| WHAT YOU HAVE TO DO |
Pictures are not part of the copy; reproduce the remaining data exactly.

| INFORMATION PROVIDED |
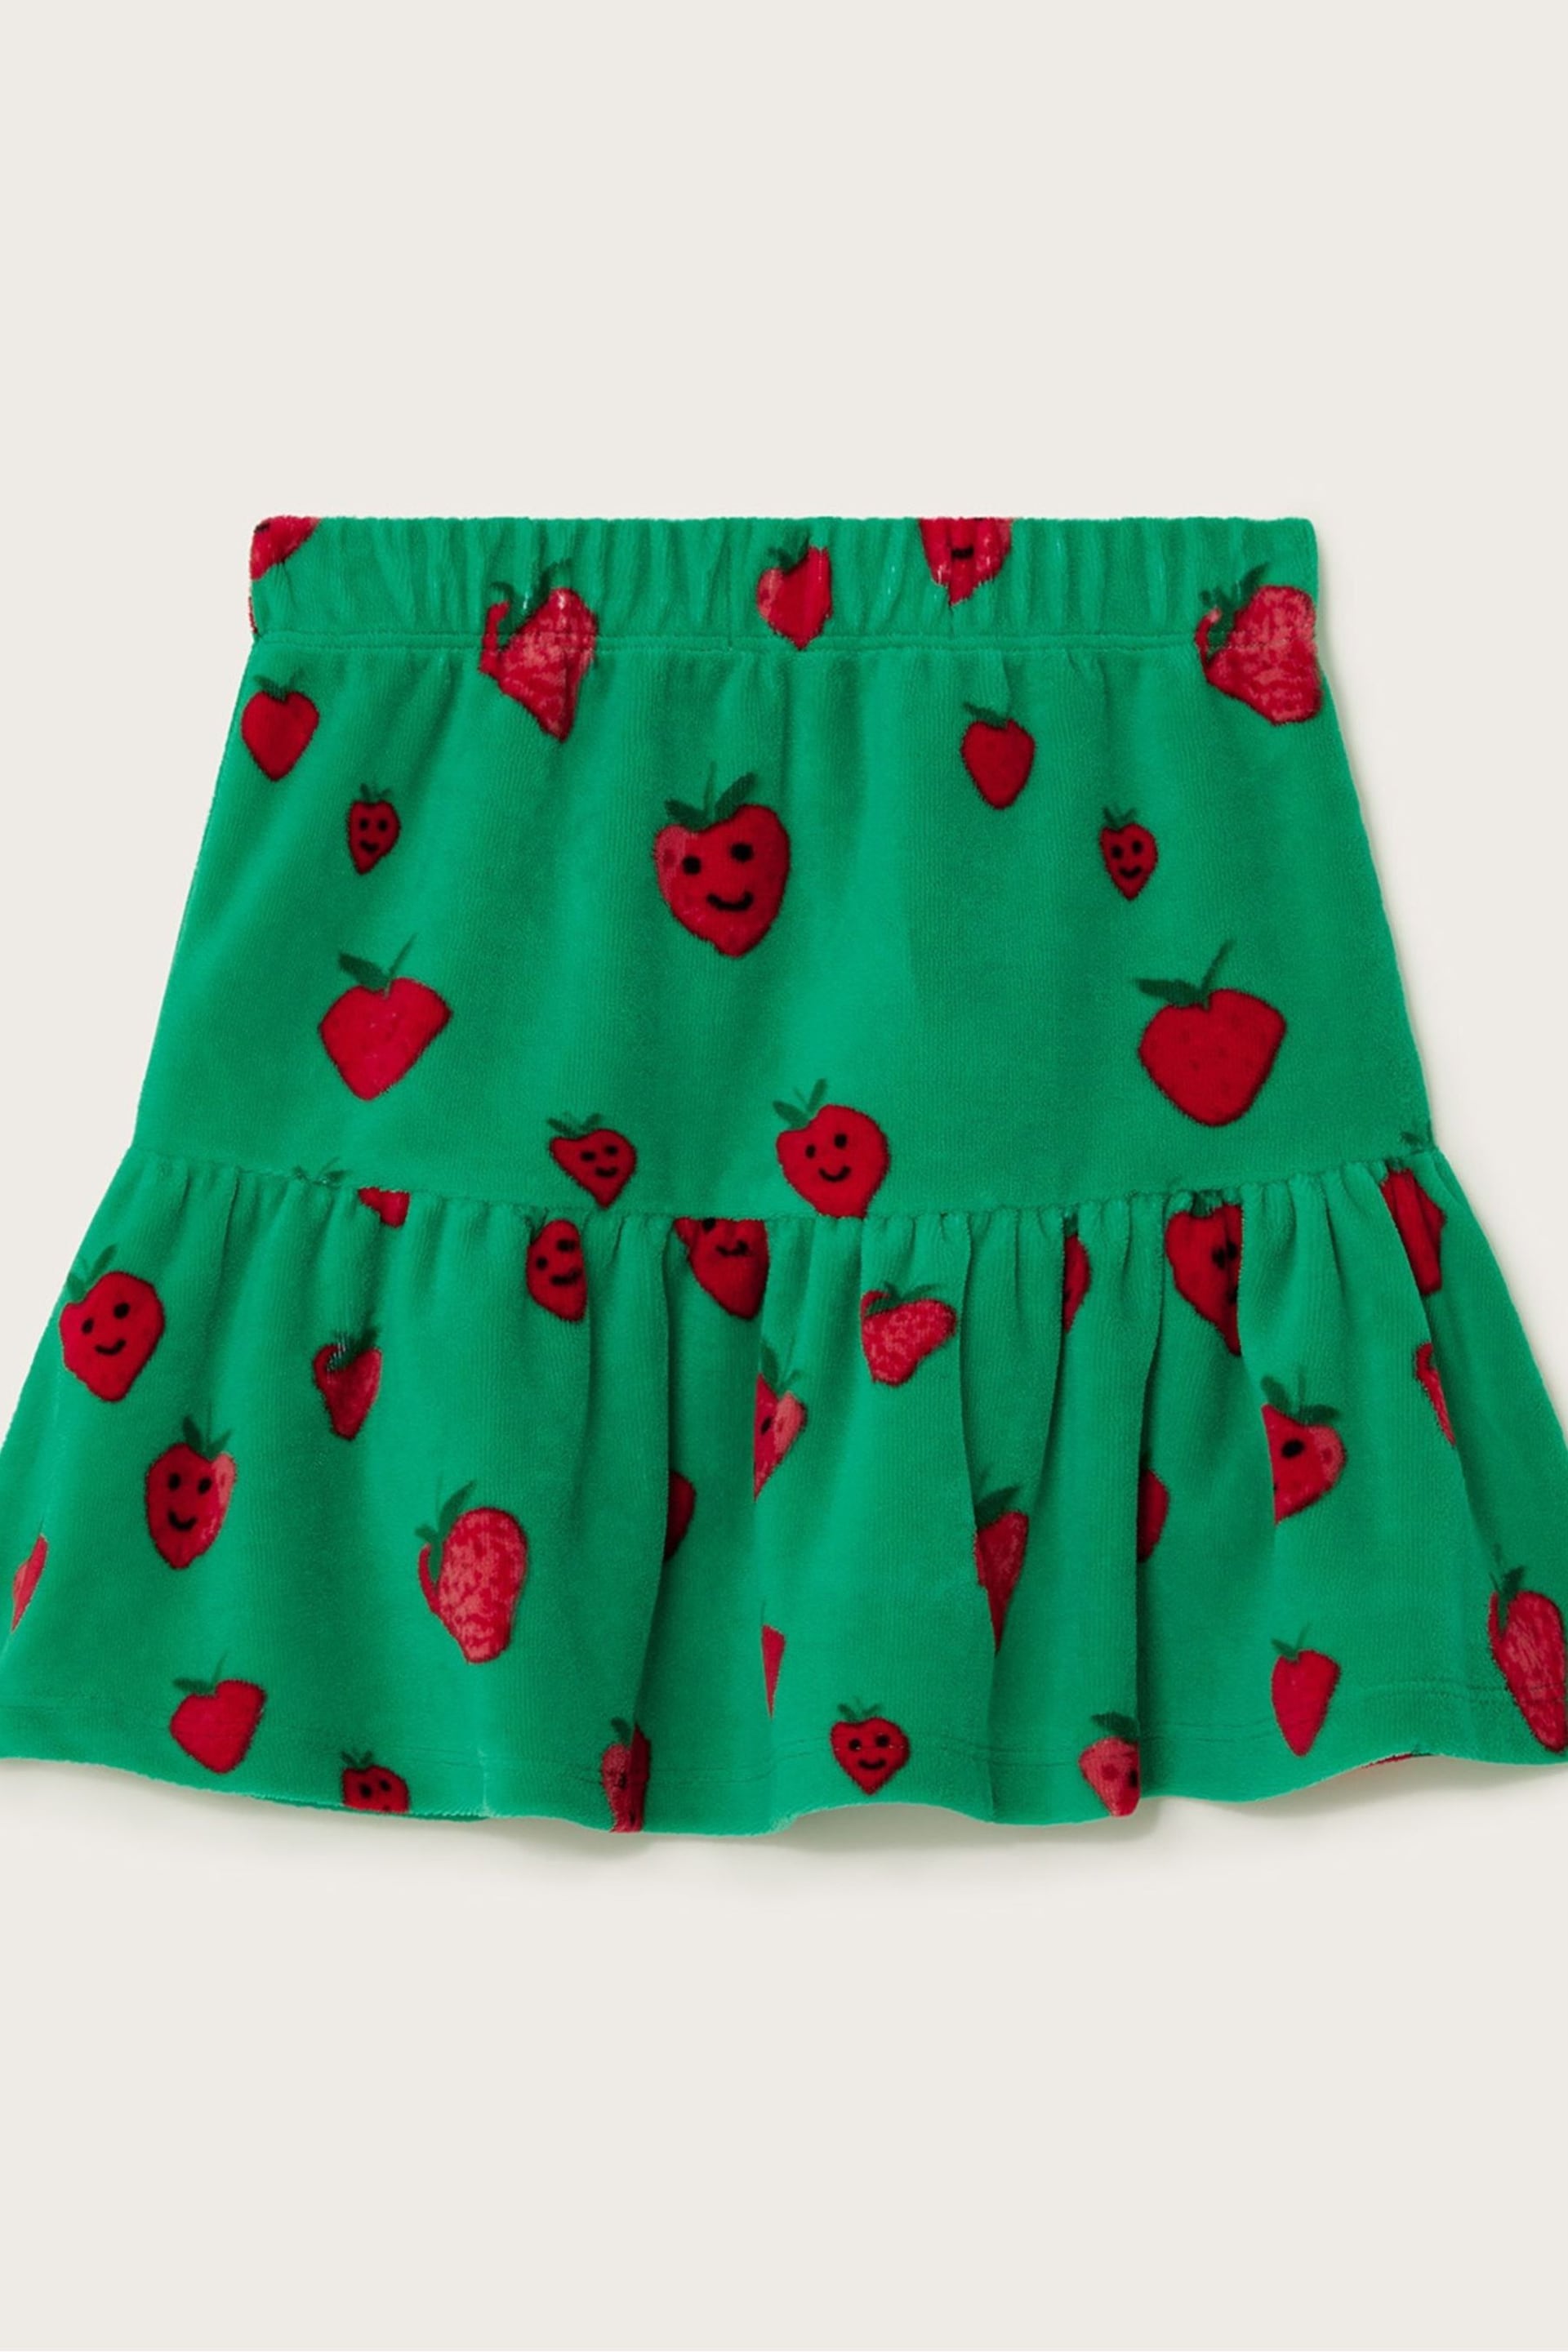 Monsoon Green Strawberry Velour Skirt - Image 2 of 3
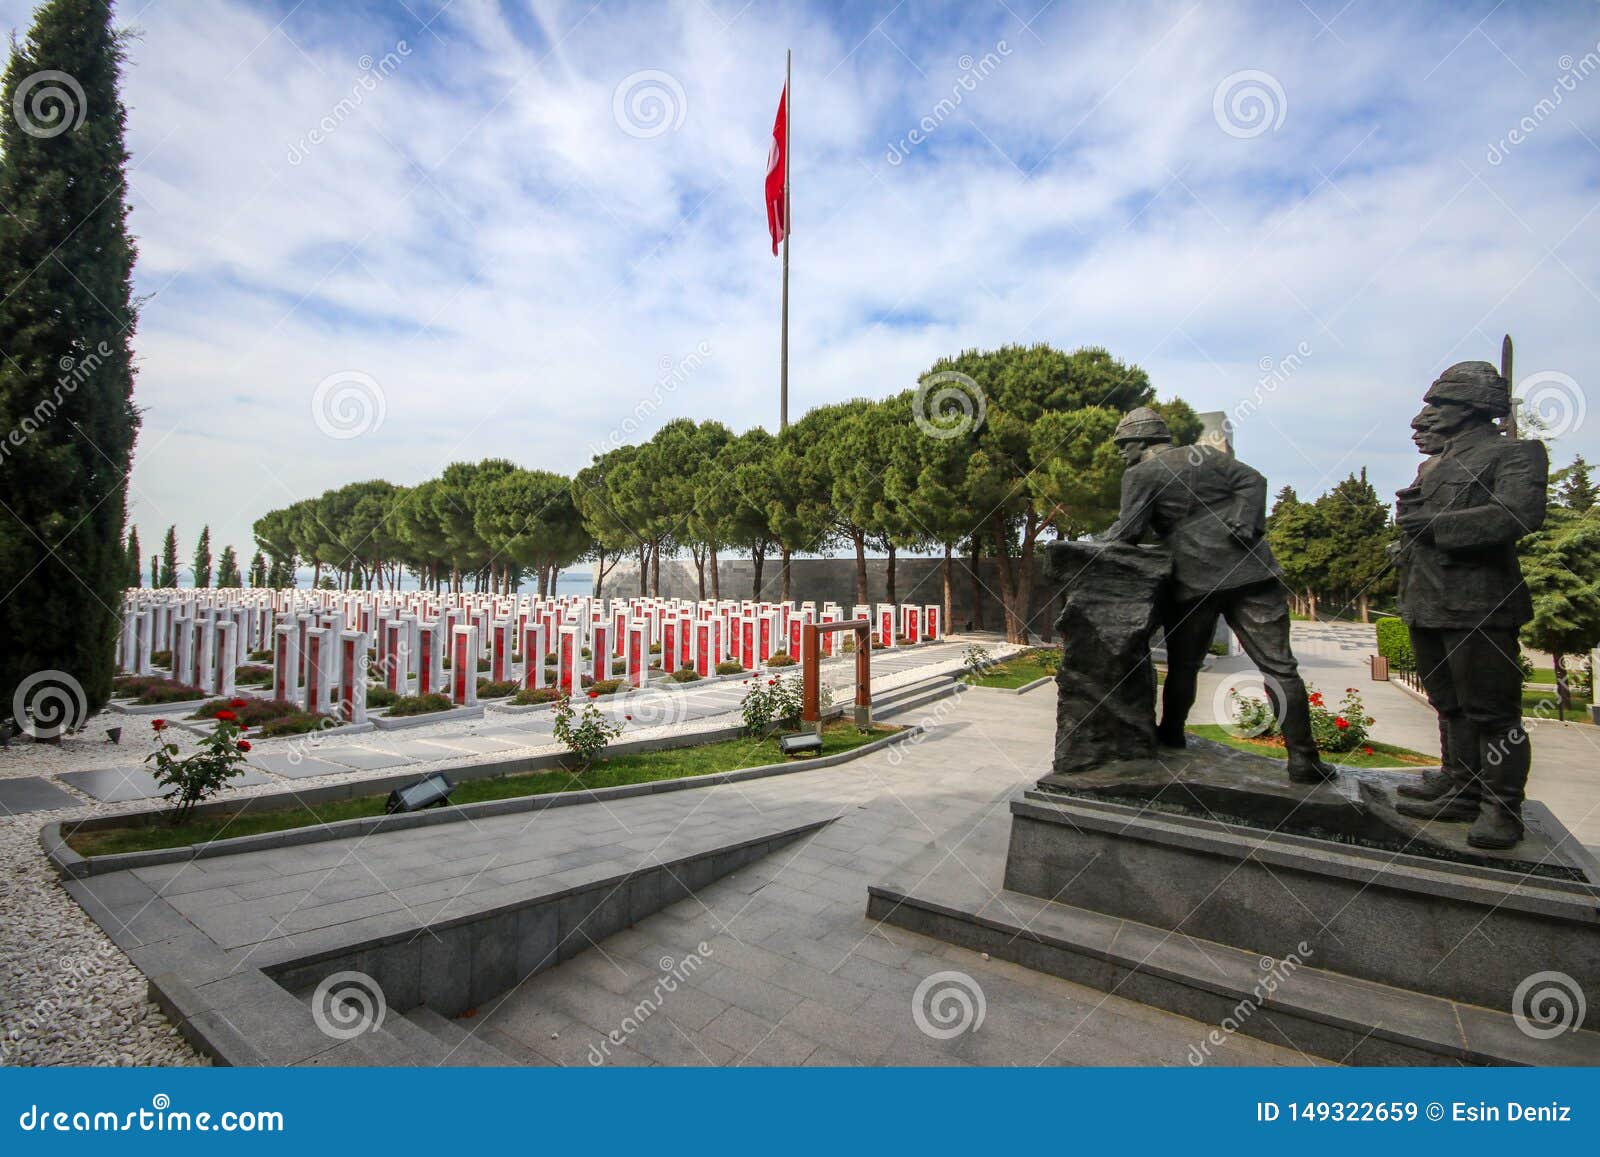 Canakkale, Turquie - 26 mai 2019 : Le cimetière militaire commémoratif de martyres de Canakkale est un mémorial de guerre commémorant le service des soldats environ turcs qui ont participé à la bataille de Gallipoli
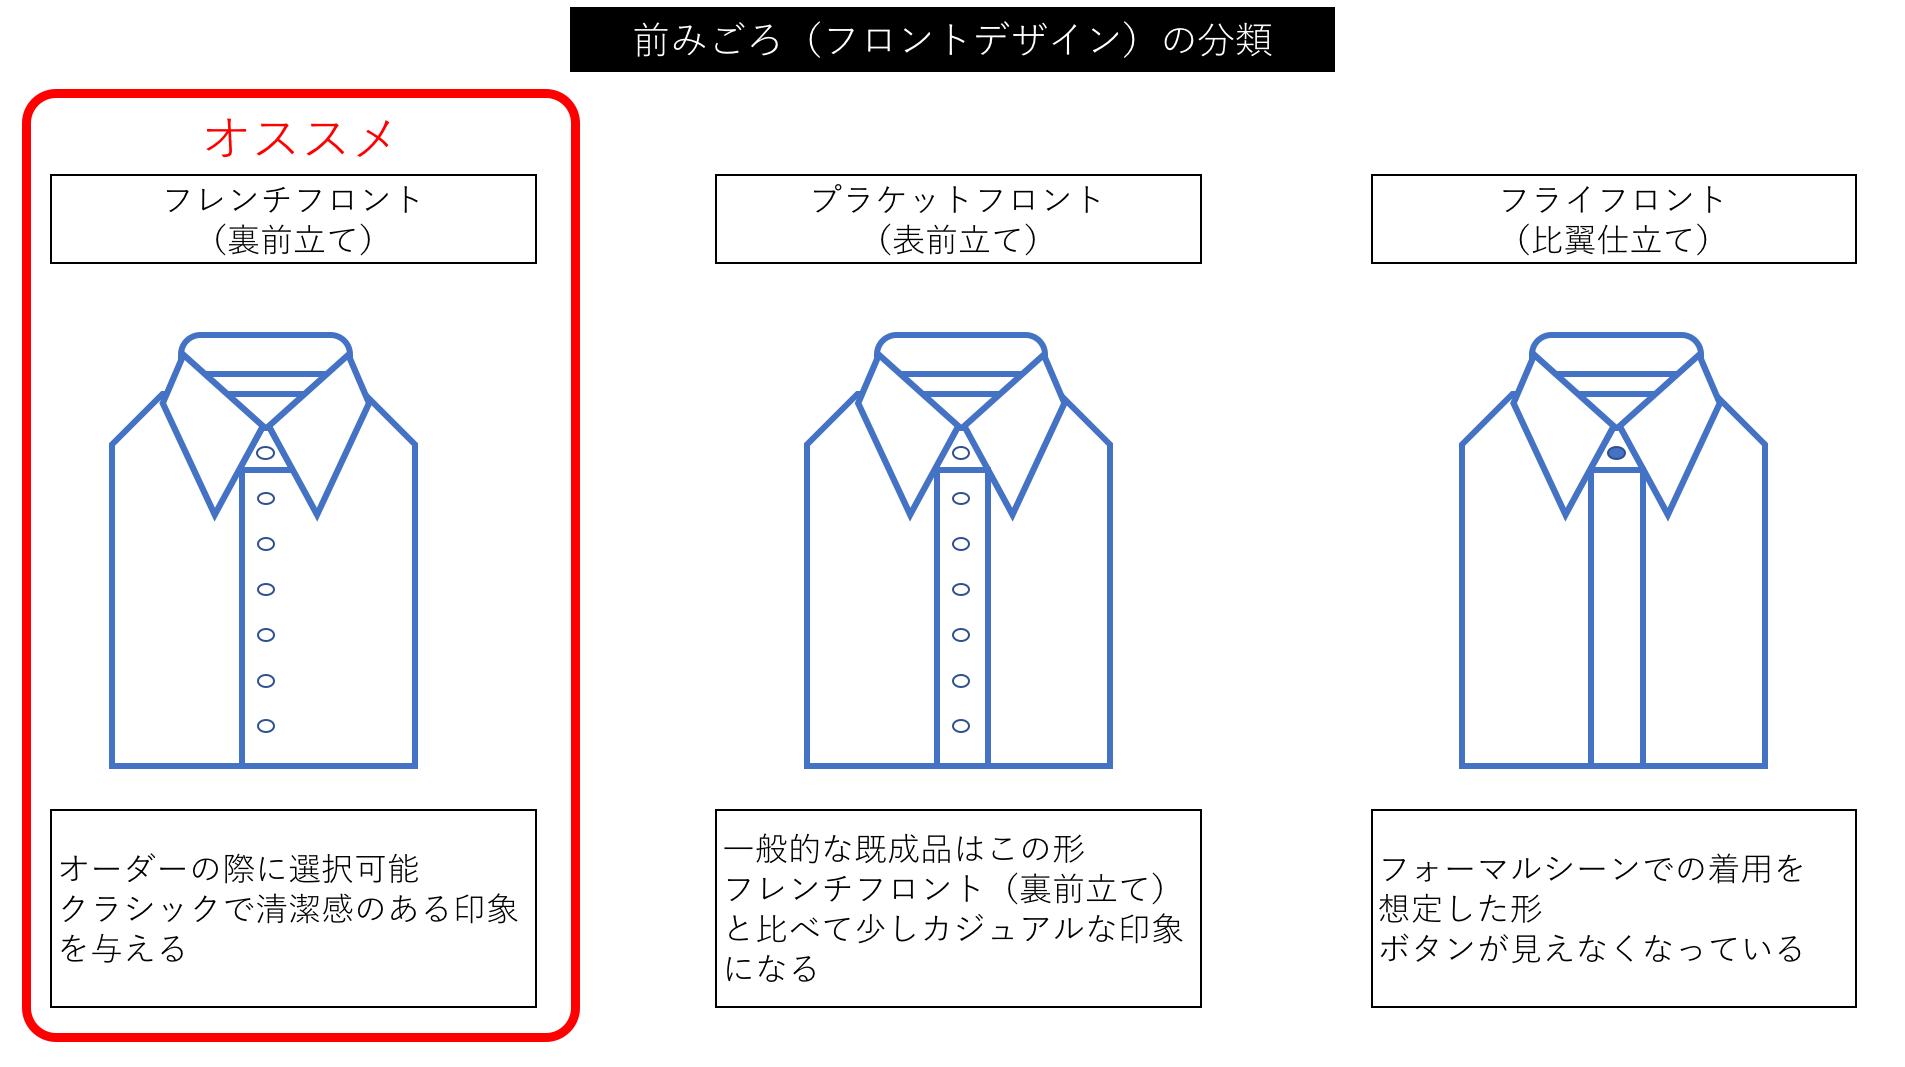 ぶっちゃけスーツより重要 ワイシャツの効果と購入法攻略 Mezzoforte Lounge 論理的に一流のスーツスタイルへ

| REPLY |
 Monsoon Green Strawberry Velour Skirt - Image 2 of 3
 Canakkale, Turquie - 26 mai 2019 : Le cimetière militaire commémoratif de martyres de Canakkale est un mémorial de guerre commémorant le service des soldats environ turcs qui ont participé à la bataille de Gallipoli
 ぶっちゃけスーツより重要 ワイシャツの効果と購入法攻略 Mezzoforte Lounge 論理的に一流のスーツスタイルへ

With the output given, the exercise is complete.